→ TASK TO COMPLETE
Given the records below, would you repeat exactly the lines that begin at the one containing "Плетеное кресло Y137C-W85 Latte" and end at the one containing "jennafer grace Norma", inclusive?

→ DATA IN THIS EXERCISE
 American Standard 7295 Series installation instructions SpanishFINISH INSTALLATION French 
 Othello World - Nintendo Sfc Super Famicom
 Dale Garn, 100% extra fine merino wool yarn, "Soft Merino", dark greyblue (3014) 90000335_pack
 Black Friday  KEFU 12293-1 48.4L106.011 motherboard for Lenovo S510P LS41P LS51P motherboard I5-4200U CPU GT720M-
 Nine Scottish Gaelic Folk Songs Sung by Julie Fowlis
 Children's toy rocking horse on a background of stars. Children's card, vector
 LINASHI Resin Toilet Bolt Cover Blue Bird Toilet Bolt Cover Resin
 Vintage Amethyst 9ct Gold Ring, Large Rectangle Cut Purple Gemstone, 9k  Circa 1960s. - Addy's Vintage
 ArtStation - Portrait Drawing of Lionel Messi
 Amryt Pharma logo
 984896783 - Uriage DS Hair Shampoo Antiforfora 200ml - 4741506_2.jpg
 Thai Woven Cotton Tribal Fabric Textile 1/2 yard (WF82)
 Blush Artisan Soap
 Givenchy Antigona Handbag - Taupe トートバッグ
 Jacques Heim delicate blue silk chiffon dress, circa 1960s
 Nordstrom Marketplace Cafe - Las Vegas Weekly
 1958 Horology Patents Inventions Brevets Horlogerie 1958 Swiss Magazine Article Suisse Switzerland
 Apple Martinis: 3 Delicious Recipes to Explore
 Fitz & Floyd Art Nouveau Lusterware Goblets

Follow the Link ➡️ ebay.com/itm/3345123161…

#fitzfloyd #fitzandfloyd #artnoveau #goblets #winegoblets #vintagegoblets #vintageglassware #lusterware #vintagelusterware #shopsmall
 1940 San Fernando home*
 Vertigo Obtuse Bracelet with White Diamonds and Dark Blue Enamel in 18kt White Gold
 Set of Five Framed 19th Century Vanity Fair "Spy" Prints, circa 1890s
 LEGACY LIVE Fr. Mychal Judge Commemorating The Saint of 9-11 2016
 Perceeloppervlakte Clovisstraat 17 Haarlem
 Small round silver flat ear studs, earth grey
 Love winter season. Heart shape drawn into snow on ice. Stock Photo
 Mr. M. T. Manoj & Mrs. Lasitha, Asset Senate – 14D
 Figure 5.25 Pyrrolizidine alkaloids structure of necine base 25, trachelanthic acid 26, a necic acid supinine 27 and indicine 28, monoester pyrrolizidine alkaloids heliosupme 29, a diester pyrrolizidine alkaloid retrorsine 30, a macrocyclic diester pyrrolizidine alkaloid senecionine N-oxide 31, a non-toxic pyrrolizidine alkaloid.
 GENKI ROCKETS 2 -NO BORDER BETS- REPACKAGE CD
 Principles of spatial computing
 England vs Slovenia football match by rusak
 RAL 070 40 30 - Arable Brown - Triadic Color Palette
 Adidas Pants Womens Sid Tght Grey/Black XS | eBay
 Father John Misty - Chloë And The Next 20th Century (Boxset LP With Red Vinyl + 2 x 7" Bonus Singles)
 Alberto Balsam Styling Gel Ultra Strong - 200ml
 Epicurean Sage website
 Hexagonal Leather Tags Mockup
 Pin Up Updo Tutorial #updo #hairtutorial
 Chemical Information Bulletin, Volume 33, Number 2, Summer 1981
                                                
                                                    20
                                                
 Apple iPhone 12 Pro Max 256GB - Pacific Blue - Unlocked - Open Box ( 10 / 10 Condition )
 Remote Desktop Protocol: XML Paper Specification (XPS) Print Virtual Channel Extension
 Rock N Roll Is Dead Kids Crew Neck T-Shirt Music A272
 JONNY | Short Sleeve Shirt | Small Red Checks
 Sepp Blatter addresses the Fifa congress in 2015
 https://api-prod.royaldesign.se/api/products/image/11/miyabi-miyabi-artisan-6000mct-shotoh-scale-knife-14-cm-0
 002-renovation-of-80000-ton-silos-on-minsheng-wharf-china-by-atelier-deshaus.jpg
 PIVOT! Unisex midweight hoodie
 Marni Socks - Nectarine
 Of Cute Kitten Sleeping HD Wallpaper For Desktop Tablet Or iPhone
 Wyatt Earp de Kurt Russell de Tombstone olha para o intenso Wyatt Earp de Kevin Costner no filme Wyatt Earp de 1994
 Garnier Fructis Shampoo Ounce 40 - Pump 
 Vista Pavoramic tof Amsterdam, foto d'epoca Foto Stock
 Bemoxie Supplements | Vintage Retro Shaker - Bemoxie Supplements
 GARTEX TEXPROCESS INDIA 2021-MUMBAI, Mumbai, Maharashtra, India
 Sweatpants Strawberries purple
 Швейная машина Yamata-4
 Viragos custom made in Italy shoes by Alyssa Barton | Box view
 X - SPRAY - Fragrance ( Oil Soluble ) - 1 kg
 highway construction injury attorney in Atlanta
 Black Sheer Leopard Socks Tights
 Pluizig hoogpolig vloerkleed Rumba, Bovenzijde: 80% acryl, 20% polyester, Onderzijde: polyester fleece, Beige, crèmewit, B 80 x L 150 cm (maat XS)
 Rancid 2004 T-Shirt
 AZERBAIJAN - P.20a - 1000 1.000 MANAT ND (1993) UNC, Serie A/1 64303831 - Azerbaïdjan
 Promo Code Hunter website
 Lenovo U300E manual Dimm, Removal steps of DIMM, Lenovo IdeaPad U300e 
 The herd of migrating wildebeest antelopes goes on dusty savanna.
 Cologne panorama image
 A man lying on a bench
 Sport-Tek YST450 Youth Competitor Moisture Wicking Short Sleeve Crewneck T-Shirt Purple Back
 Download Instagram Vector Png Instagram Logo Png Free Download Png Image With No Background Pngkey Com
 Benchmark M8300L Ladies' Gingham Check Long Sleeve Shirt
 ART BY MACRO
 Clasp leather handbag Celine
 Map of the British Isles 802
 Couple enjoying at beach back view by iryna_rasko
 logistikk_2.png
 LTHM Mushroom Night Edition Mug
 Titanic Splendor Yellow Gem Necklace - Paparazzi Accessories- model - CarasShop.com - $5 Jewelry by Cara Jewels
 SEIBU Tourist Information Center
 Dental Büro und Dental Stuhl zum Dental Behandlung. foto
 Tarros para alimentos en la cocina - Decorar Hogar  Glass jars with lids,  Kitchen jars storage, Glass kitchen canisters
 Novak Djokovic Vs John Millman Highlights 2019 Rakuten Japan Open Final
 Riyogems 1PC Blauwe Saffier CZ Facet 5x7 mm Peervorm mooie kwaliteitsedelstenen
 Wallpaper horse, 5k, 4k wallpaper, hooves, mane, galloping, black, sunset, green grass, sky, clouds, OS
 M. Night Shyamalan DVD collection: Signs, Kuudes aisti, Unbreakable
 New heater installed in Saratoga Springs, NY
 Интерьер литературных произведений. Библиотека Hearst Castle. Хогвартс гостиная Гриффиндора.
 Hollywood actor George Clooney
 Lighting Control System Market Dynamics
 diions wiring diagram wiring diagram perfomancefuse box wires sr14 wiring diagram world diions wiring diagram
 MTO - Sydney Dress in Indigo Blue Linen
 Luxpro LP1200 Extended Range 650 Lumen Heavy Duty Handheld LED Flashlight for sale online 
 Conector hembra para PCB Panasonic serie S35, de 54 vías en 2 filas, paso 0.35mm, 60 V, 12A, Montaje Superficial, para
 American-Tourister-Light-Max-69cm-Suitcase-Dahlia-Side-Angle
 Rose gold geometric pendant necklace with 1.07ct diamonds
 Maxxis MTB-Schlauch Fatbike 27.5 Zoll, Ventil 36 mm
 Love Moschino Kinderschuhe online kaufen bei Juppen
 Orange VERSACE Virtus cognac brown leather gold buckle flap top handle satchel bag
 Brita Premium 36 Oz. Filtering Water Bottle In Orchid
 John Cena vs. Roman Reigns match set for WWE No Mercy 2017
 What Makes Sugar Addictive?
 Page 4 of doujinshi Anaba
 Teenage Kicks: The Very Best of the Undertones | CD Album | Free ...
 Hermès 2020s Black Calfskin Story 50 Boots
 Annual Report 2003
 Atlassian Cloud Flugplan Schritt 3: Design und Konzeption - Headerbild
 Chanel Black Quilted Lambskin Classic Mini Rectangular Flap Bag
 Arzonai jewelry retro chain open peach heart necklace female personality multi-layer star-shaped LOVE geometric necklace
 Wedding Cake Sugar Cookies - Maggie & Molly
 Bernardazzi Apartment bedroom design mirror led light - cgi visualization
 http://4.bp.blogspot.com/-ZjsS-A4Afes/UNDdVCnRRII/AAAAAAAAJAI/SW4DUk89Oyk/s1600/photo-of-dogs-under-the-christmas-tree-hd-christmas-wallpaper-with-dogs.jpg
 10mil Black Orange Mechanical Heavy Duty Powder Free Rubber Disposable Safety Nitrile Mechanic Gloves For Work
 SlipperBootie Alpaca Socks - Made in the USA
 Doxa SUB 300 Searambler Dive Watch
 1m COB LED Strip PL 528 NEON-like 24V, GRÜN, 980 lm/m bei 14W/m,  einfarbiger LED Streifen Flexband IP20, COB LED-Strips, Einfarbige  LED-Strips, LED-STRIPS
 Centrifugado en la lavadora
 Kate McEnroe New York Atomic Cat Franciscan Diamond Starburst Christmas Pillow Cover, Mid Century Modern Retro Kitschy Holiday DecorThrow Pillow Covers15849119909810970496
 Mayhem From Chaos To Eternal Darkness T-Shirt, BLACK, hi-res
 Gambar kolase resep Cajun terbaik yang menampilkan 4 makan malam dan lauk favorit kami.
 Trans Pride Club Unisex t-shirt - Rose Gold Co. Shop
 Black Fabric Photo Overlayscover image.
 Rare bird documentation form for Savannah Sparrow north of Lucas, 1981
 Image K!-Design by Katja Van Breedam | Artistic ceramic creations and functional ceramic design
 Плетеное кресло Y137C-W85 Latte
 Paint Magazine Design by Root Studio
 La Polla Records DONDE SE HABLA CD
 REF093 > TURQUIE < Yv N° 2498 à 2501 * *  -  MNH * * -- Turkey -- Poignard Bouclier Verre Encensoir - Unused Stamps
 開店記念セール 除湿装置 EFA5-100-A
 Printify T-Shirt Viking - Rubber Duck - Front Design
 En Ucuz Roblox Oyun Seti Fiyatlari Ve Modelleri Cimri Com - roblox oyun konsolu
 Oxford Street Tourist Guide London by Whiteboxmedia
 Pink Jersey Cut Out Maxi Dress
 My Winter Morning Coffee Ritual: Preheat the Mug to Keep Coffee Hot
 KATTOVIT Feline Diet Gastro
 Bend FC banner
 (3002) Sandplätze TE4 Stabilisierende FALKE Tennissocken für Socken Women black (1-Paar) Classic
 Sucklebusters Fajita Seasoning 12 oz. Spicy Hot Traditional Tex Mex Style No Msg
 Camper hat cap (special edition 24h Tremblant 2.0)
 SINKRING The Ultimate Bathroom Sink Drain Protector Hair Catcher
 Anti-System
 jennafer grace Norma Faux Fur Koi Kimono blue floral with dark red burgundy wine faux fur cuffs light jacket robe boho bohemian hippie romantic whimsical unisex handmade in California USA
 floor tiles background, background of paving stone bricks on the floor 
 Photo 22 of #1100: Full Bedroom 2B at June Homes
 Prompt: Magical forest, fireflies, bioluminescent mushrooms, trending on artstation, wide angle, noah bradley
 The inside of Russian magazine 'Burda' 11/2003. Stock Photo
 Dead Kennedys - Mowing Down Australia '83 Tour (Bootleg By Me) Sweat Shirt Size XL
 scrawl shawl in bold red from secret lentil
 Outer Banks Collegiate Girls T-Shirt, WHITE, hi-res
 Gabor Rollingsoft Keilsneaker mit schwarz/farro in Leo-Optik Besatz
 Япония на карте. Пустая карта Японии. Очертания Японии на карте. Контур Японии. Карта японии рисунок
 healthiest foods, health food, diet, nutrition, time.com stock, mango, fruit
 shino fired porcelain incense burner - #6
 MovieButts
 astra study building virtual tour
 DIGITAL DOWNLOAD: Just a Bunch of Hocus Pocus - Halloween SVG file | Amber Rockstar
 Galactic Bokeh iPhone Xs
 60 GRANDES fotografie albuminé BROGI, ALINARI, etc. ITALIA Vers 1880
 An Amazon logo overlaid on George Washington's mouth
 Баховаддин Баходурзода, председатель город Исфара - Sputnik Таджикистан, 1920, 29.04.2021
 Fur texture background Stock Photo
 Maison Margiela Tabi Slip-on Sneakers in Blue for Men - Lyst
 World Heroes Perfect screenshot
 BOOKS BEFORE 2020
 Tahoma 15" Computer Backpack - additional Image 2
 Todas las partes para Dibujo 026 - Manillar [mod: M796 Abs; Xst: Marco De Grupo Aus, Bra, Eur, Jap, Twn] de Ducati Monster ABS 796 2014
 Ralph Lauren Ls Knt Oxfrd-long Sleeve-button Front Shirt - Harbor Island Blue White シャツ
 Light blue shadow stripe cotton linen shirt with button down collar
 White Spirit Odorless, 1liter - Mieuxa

→ WRITTEN SOLUTION
 Плетеное кресло Y137C-W85 Latte
 Paint Magazine Design by Root Studio
 La Polla Records DONDE SE HABLA CD
 REF093 > TURQUIE < Yv N° 2498 à 2501 * *  -  MNH * * -- Turkey -- Poignard Bouclier Verre Encensoir - Unused Stamps
 開店記念セール 除湿装置 EFA5-100-A
 Printify T-Shirt Viking - Rubber Duck - Front Design
 En Ucuz Roblox Oyun Seti Fiyatlari Ve Modelleri Cimri Com - roblox oyun konsolu
 Oxford Street Tourist Guide London by Whiteboxmedia
 Pink Jersey Cut Out Maxi Dress
 My Winter Morning Coffee Ritual: Preheat the Mug to Keep Coffee Hot
 KATTOVIT Feline Diet Gastro
 Bend FC banner
 (3002) Sandplätze TE4 Stabilisierende FALKE Tennissocken für Socken Women black (1-Paar) Classic
 Sucklebusters Fajita Seasoning 12 oz. Spicy Hot Traditional Tex Mex Style No Msg
 Camper hat cap (special edition 24h Tremblant 2.0)
 SINKRING The Ultimate Bathroom Sink Drain Protector Hair Catcher
 Anti-System
 jennafer grace Norma Faux Fur Koi Kimono blue floral with dark red burgundy wine faux fur cuffs light jacket robe boho bohemian hippie romantic whimsical unisex handmade in California USA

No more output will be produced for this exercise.